And I do stick to what I learned at university, that there has been a long process of writing, rewriting, redaction, „corrections“ and what not on the bible text, before what we have today in our modern language bibles, be it KJV, NIV, German Luther translation or Volxbibel. Whoever had a look into textual criticism knows, this is also true for ancient language bibles, we have nothing that we could call the original, though deviations of the different original language texts from one another is in most cases not very big.

So the bible is a book, composed by mostly men of middle eastern descent, from cultures that are different to our own cultures, that even differ within themselves: Whoever composed the Miriam-Song lived in a completely different reality than whoever composed the Apocalypse of John.

Apocalypse of John? Didn’t John write it? Some folks seem to be obsessed with such questions, they seem to think that if John did not write the Apocalypse of John, all other things written down might be lies, too, and if that’d be so, what use would it to be to even look at the bible?

You see we also touch the next question, how to use the bible, but we have not yet been talking about the purpose. So what would be the purpose of the bible being written?

Some folks might say: To give directions to true believers to know whatever they are to do in any situation, or to reveal the will of God Almighty or something along these lines.

I think of it a bit differently. I think there were men who had an experience with God and wanted to write it down, one way or another. And other people read that, because it gave them something. And they retold the story, and it was changed to fit other circumstances, but sometimes it was also kept, the different story parts might have gone through quite some change as they turned into the composition of the bible we have today. It is a lengthy process.

Now one thing is important to me. No, make that two: One thing is that the people involved did not (for the most part – we are all sinners, aren’t we?) do it for some evil plans to be fulfilled, they wanted to tell of God, how they experienced Him. Whether they used the form of fiction (similar to C.S. Lewis or J.R.R. Tolkin), historical setting (Ken Follet?) or whatever form of literature – they wanted to tell of what they experienced with God.They were sincere.

And they were read by the community that passed on their writings. So the community approved of what they found. We would not pass on literature that we consider bad, or morally questionable. There might be others in our times who would, but they wouldn’t consider the literature bad or questionable as we do, they’d like it for some reason or another.

So I come to the conclusion, that the bible is a book, composed by many people who expressed their experiences with God, and that book is approved by believers throughout times. Just as we read the Old Testament texts, Jesus read them. And just like we read Paul’s letter to the Galatians, the Galatians themselves read it. Maybe there were some differences in their actual copies, but most was at least very similar.

We share through the bible community with other readers throughout the times, other sisters and brothers in faith, who read the same texts and were lifted up by the witness of the texts, the experiences of other sisters and brothers (mostly brothers though) brought into the form of literature.

Looking at it as this is, the question whether John wrote the Apocalypse is at most boring.
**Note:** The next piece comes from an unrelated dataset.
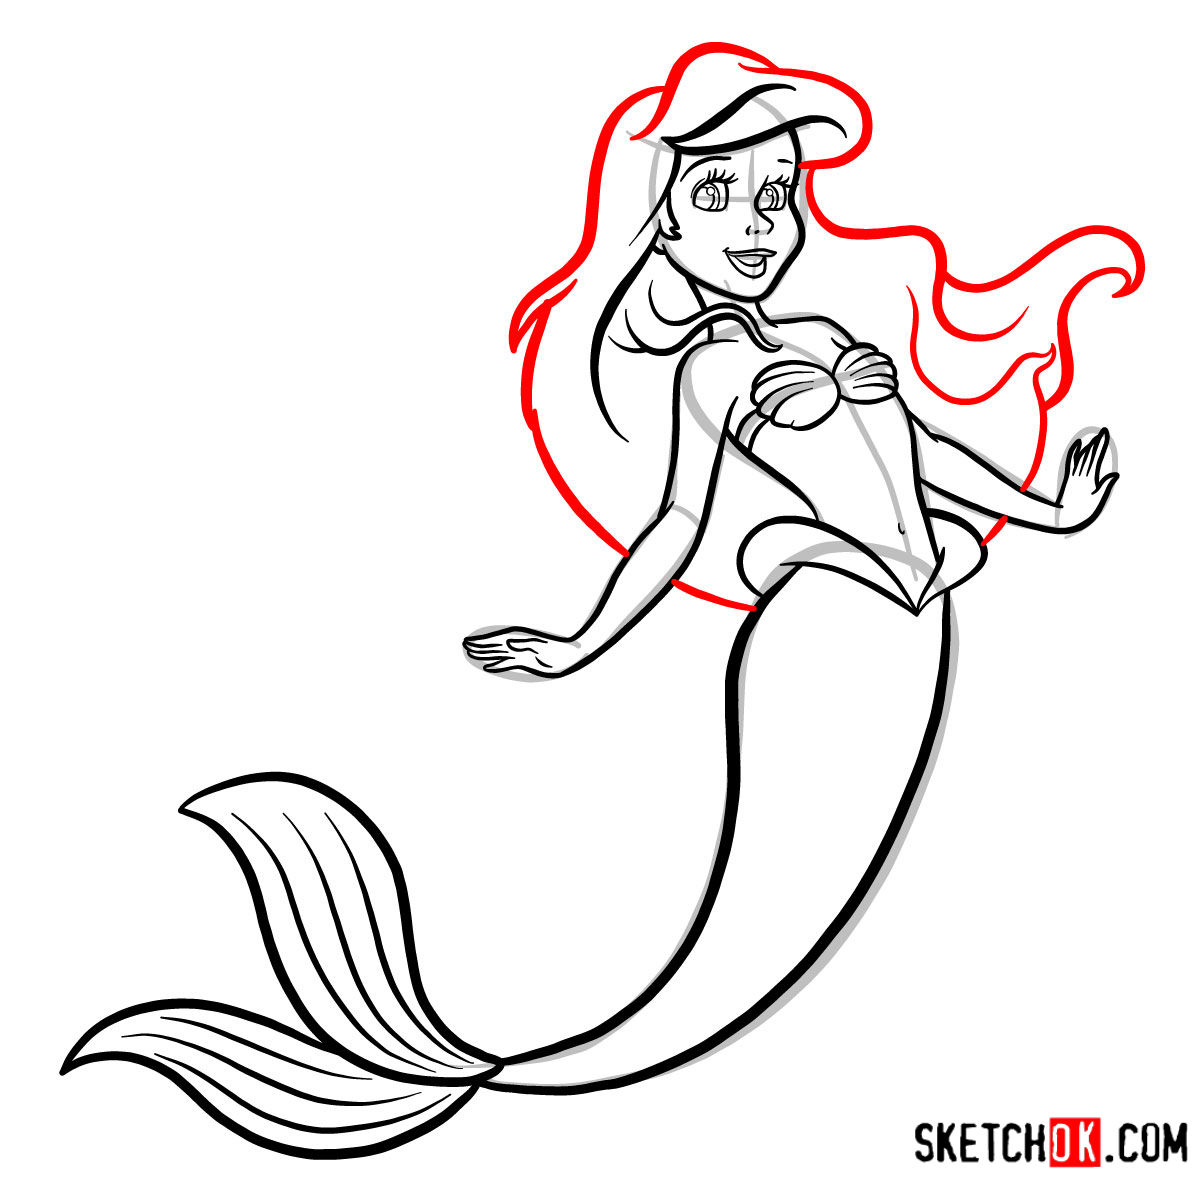 How to draw cute Ariel | The Little Mermaid - step 10

Which John anyway? I don’t care about the name, I care about what experience he had with our (his and my) God. I care about how this was considered relevant to fellow Christians from the first reader all down the line to me and my fellow sisters and brothers in these times.
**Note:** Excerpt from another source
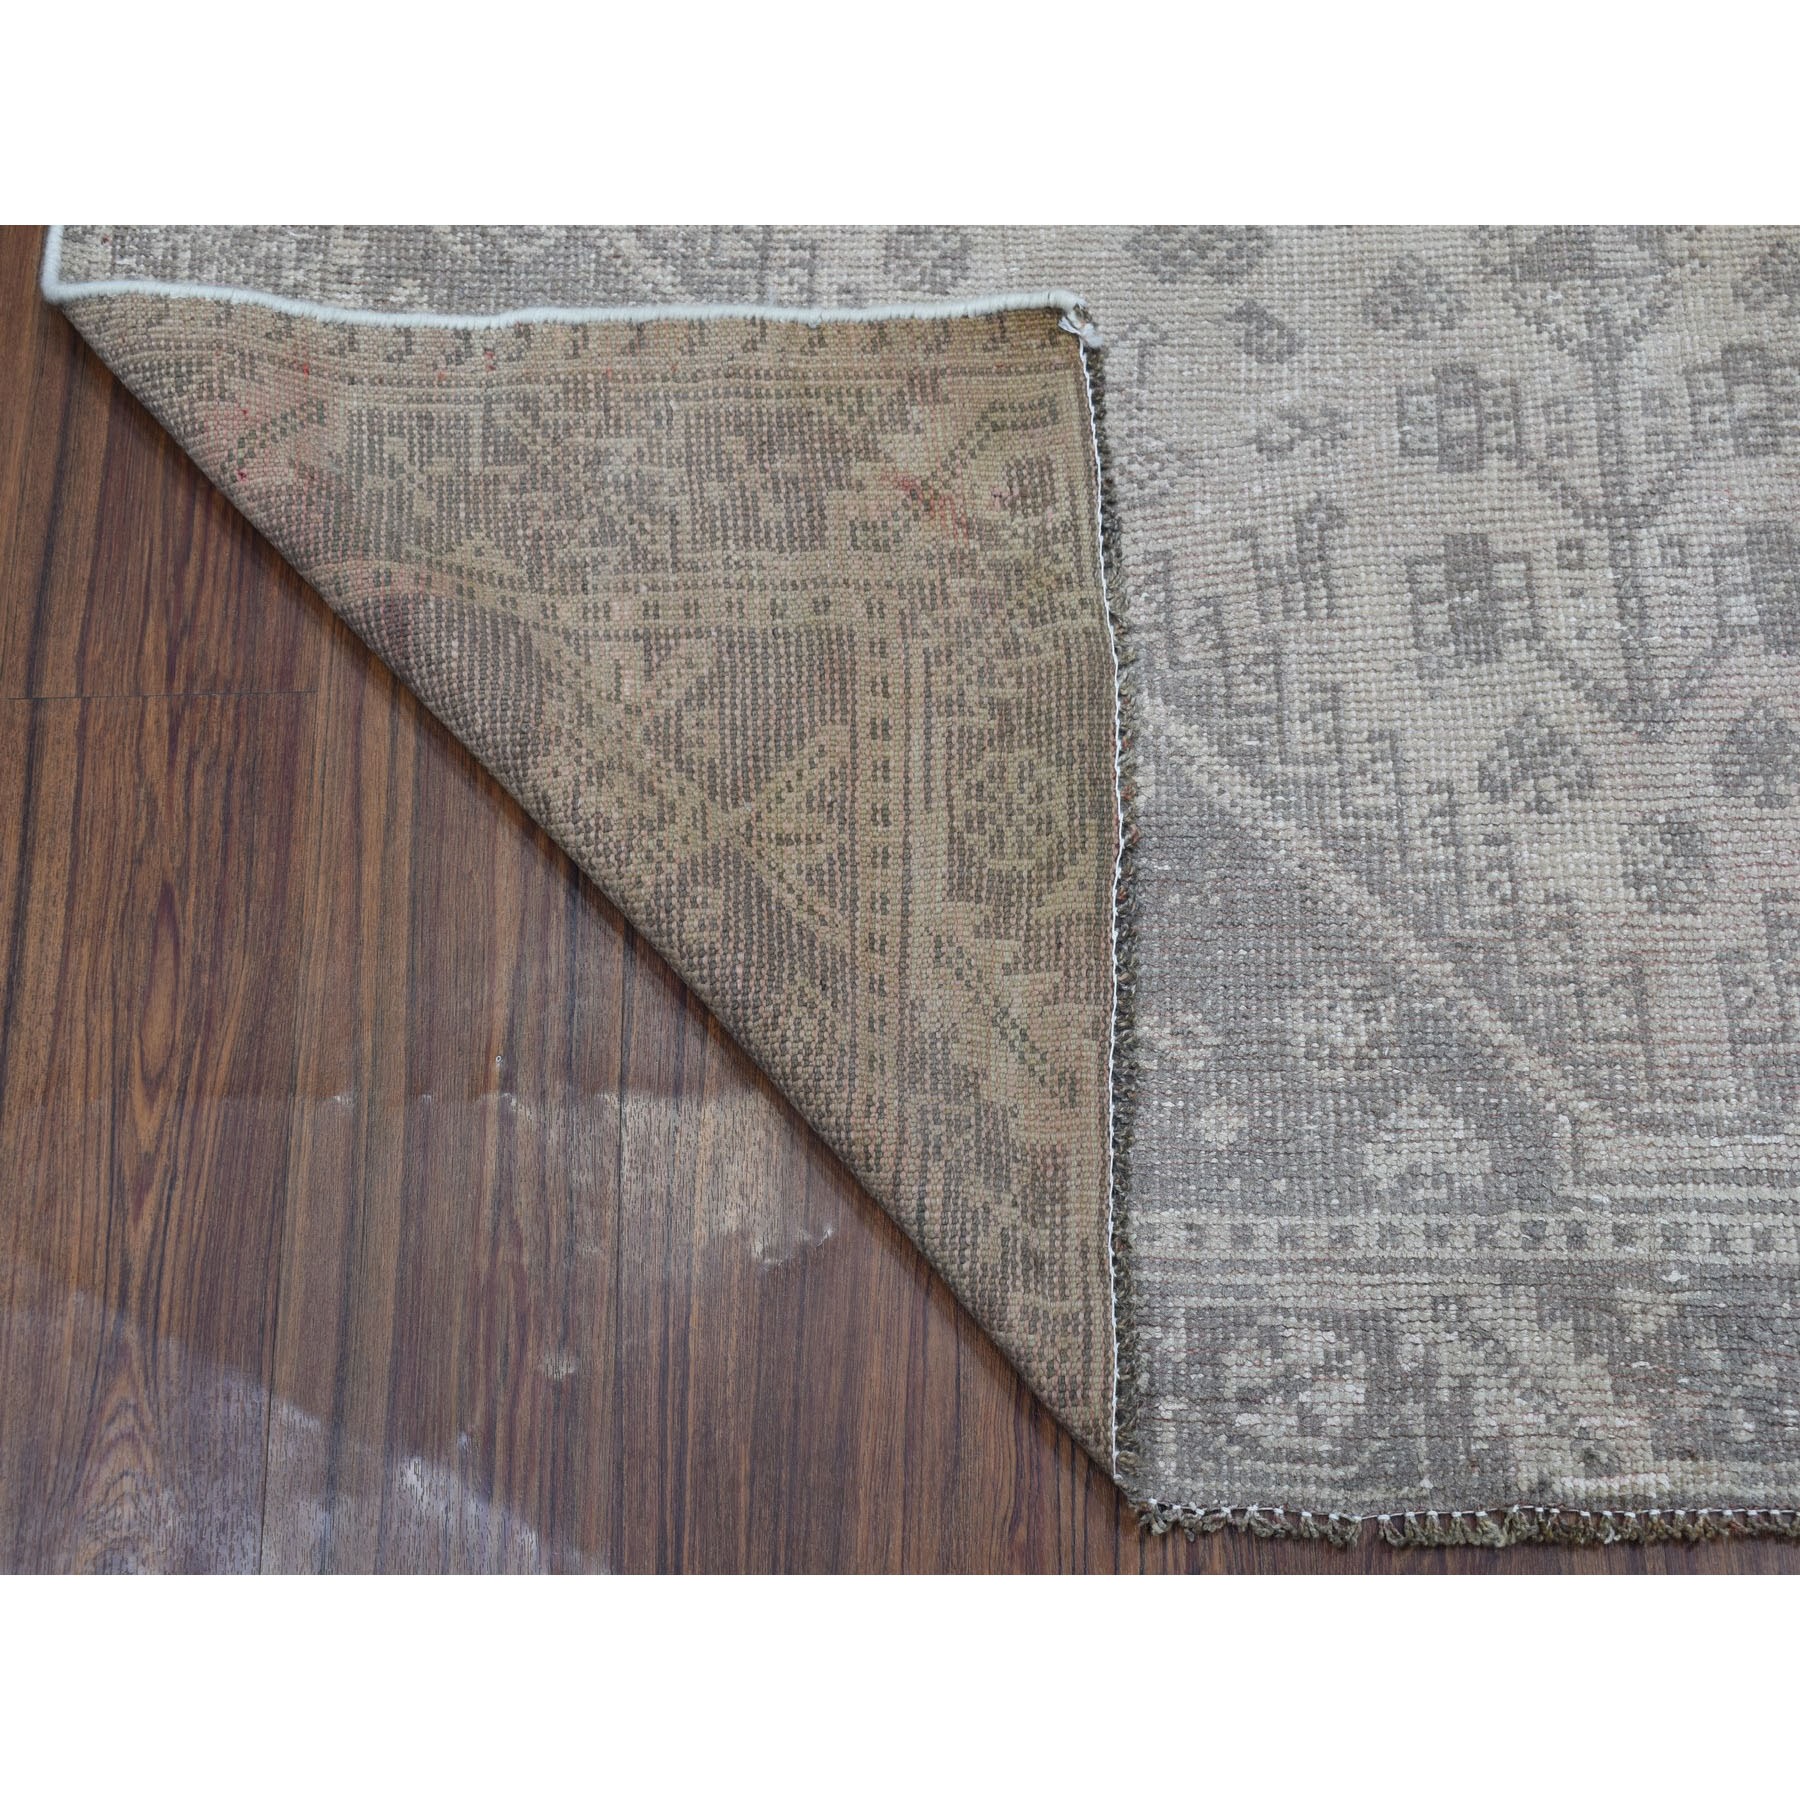 5-1 x7-4  Vintage And Worn Down Distressed Colors Persian Qashqai Hand Knotted Bohemian Rug

The purpose for the bible to be written was to tell of God. And when I read the bible, I hear of God.

How to use the bible?

„So all I have to do to hear of God is to open the bible and read?“

„Yes.“

„So what I read there is the word of God? So God is the author still?“

„No, the bible is not the Word of God, it contains the Word of God. You yourself cannot do anything to get the Word of God out of it. It’s God’s to open the bible up to you trough His Holy Ghost (or is it Holy Spirit? I am never sure which is the right English term.).

Of course we can read in the bible. And we might get some interesting insights into biblical history, poetry and what not. You can analyse it like any book, but that will lead you nowhere.
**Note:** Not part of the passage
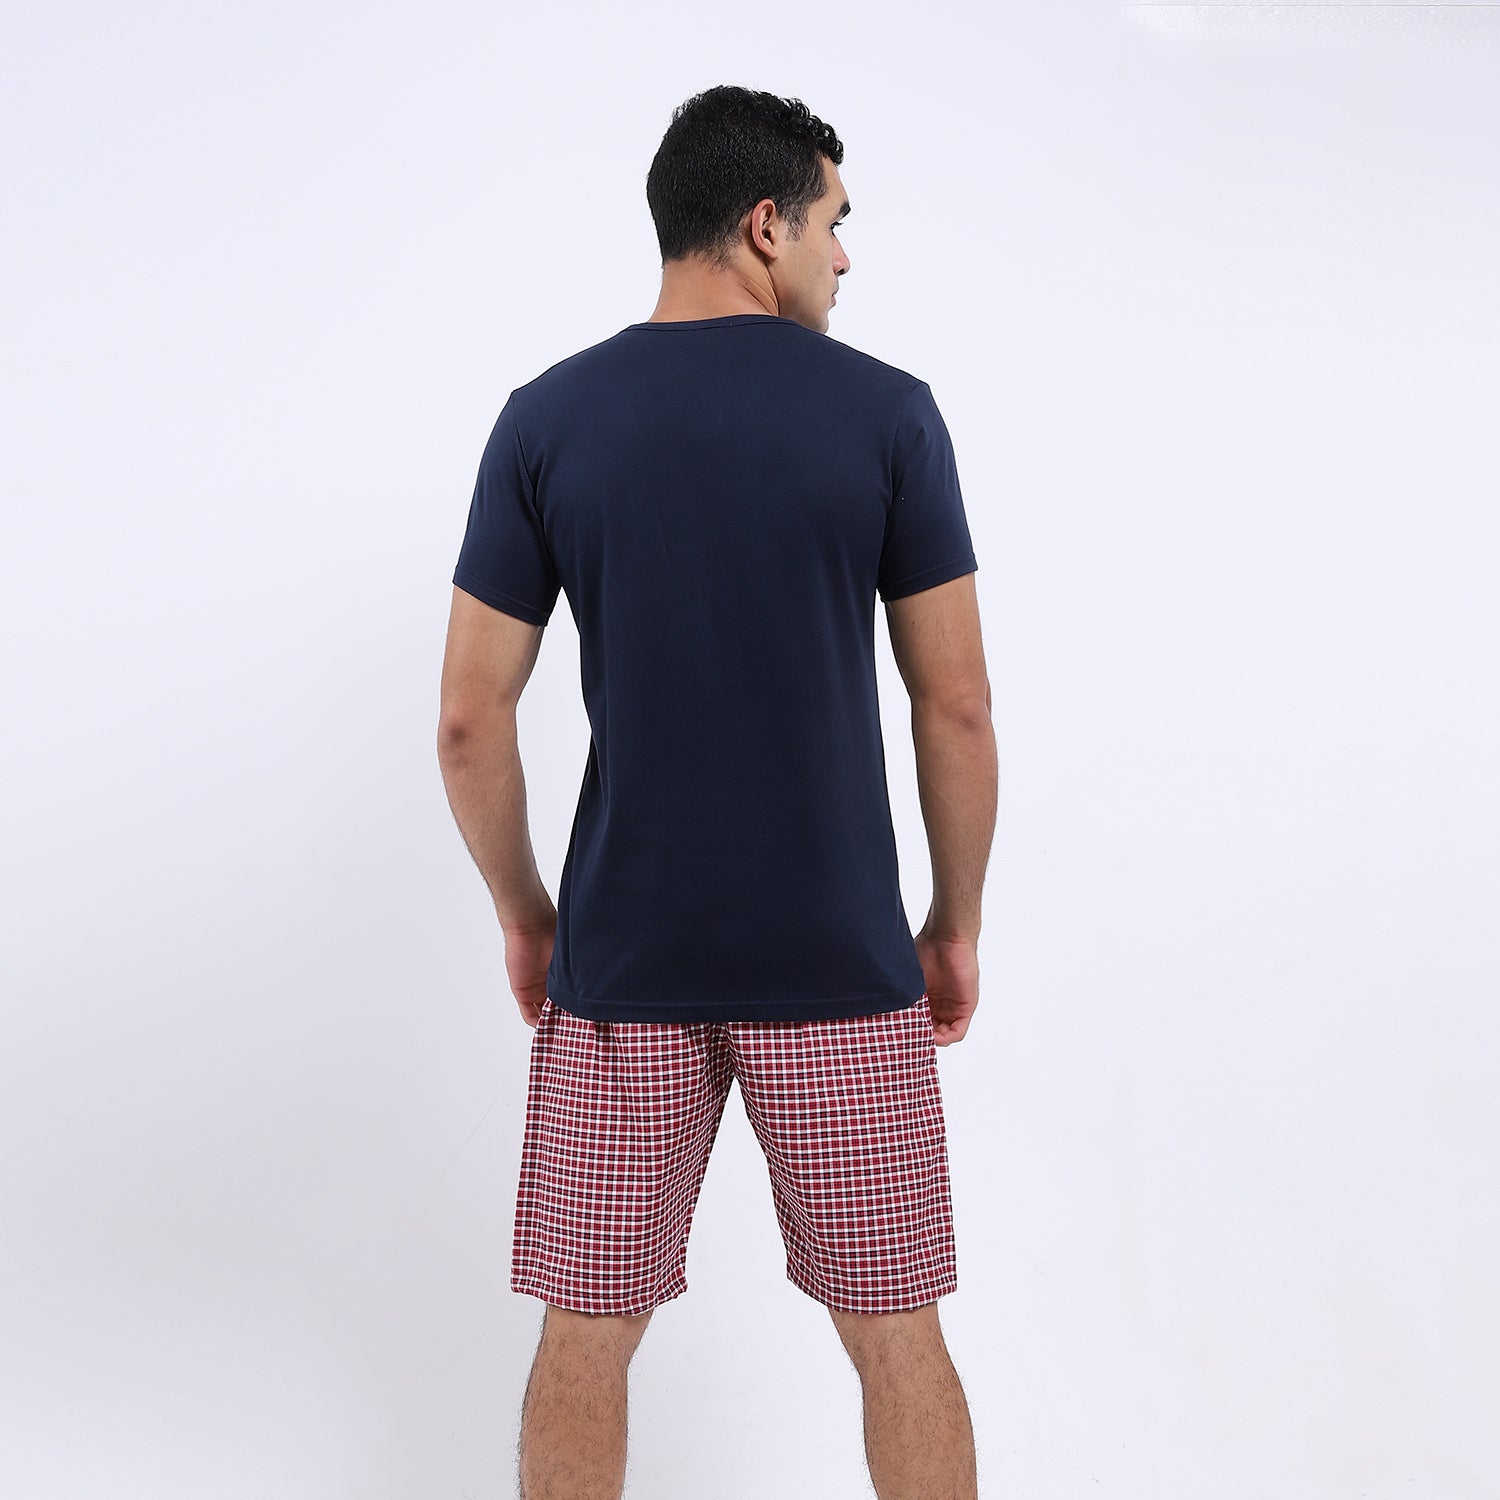 Solid Cotton T-Shirt With Tartan Pants

Well, not exactly nowhere, but where reading and analysing Shakespeare or any other worldly writer would bring you too: greater knowledge in a certain field of literature. As God didn’t write it, we cannot get His will directly from it.

You can read the bible all your life and be an atheist. And you can read one verse and start to believe. God makes the difference, and we cannot do anything about it really.

The difference God makes, I suppose, is that between a distanced look at literature and an existential look at the literature of my community. I can be entertained by Shakespeare, but the team songs of my favourite football team touch deeper. They have to do with me.

And as I am Christian, the bible has to do with me. I am a sinner and might be making mistakes, but I seek to get something from the experiences other believers had with God. Some understanding, relieve maybe. And as God didn’t write it, I won’t get anything about Him by quoting single verses. This will get me to the actual author. But the author tells a longer story, and the story is about life with God. And the God is the same God in all stories, so I expect there to be a general picture of this God to shine through.

Yes, there are all kind of contradictions and cruelties that lead people to say this God must be mad or a monster, but actually, I think this is not God you see in there, but the sinners that wrote the text. I think you can look beyond this, but you might have to need the Spirit to do so. Luckily, as Christians we have the Spirit not in our pockets, but sent to us by our Lord and saviour to comfort us. And He does, opening up the bible to us.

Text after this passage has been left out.